Which one of these statements best describe why you are starting your law firm and what you expect from it?

  • I am starting my own law firm and I have ambitious goals for expanding the business and growing revenue.
  • I am starting my own law firm because I enjoy the law and want to be my own boss but freedom and quality of life are more important to me than high revenue growth and expansion.
  • I am starting my own law firm to pay the bills but not certain I really want to run my own law firm for years and years.


Firms with really ambitious growth objectives tend to be earlier technology adopters and typically seek to leverage more cutting-edge technology as part of a strategy to differentiate themselves and to compete more effectively against other law firms in their area. If you find yourself in this category, you may want to consider more premium software solutions that offer a more comprehensive set of tools and options. If you have more modest goals—and a more modest budget, you may want to buy a less expensive system that delivers most if not all of the basic practice management functionality you’re looking for.
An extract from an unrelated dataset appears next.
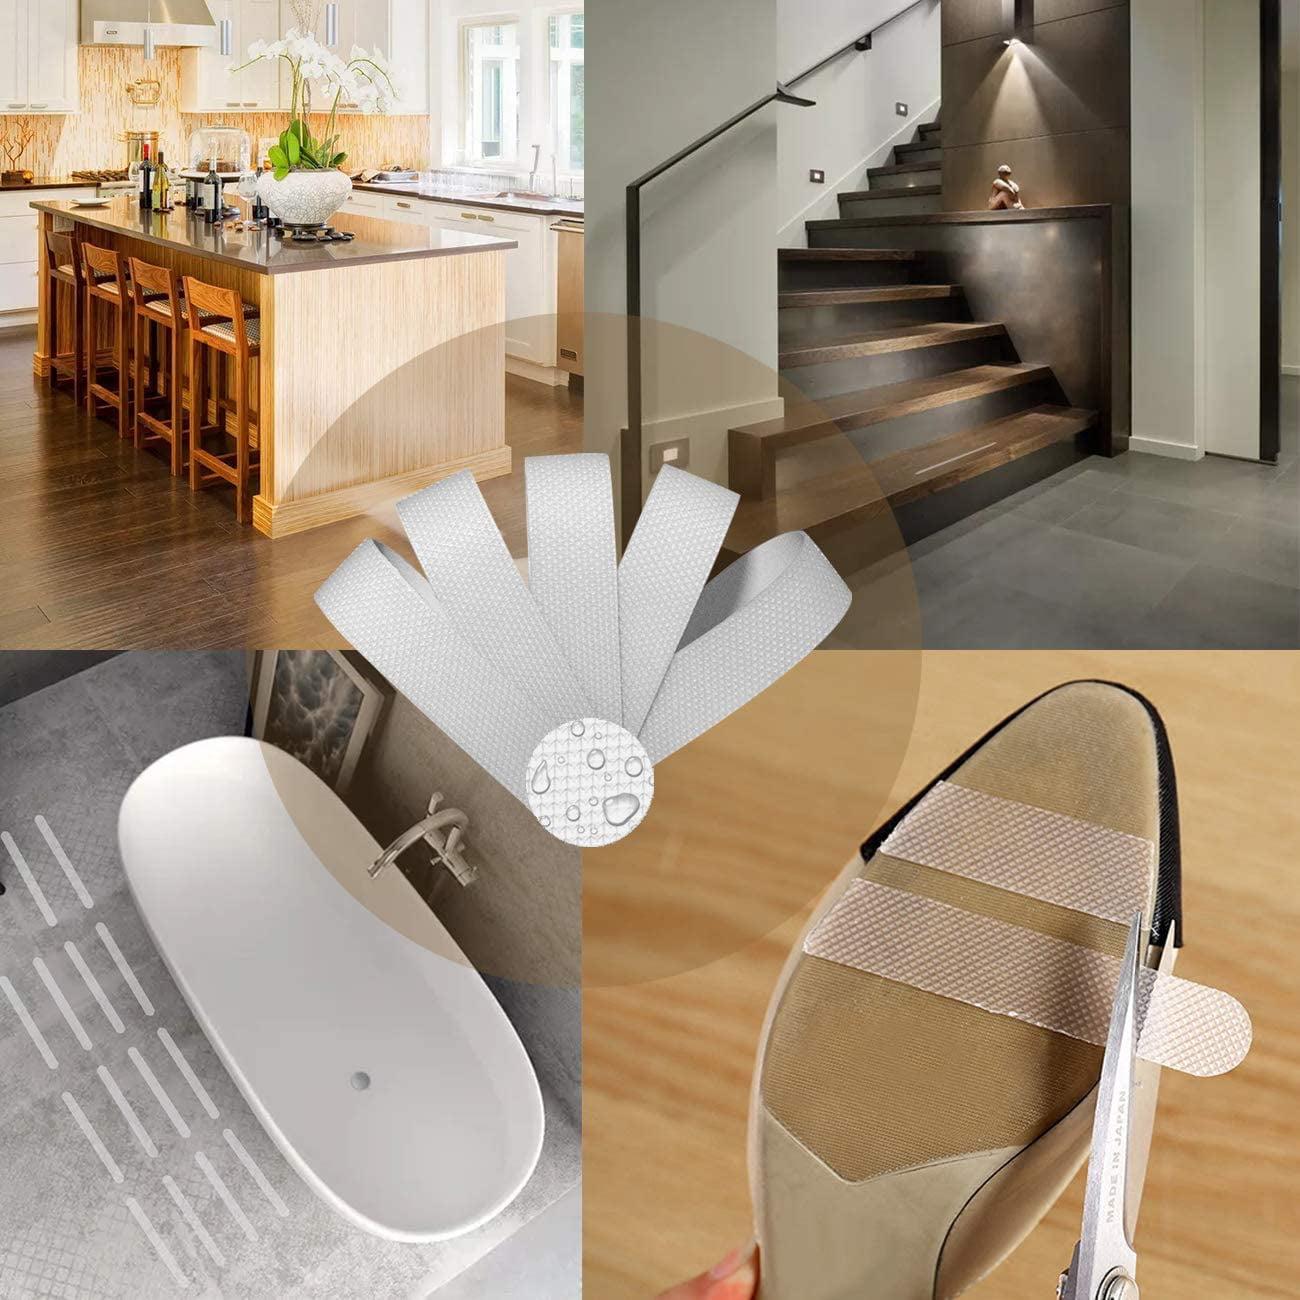 Shower Tub Bathroom Accessory Bathtub Steps Floor Anti Skid Stickers Nonslip

If keeping overhead costs at a bare minimum is one of your overriding goals, you may want to consider adopting a low-cost cloud-based matter management system that delivers basic functionality with no up-front costs and a reasonable monthly subscription fee.

Regardless of your circumstance, do not rely on home-grown systems or basic office software to perform functions for which they were never designed but that are critical to the viability of your legal practice.

There are many reasons why you might be starting your own law firm, and spending a little bit of time up front to help you assess your goals and technology needs can help minimize headaches further down the road. Take this opportunity to make good choices that will give you the best chance for success and that can help you avoid malpractice claims and other nightmares resulting from sloppy management of your legal practice.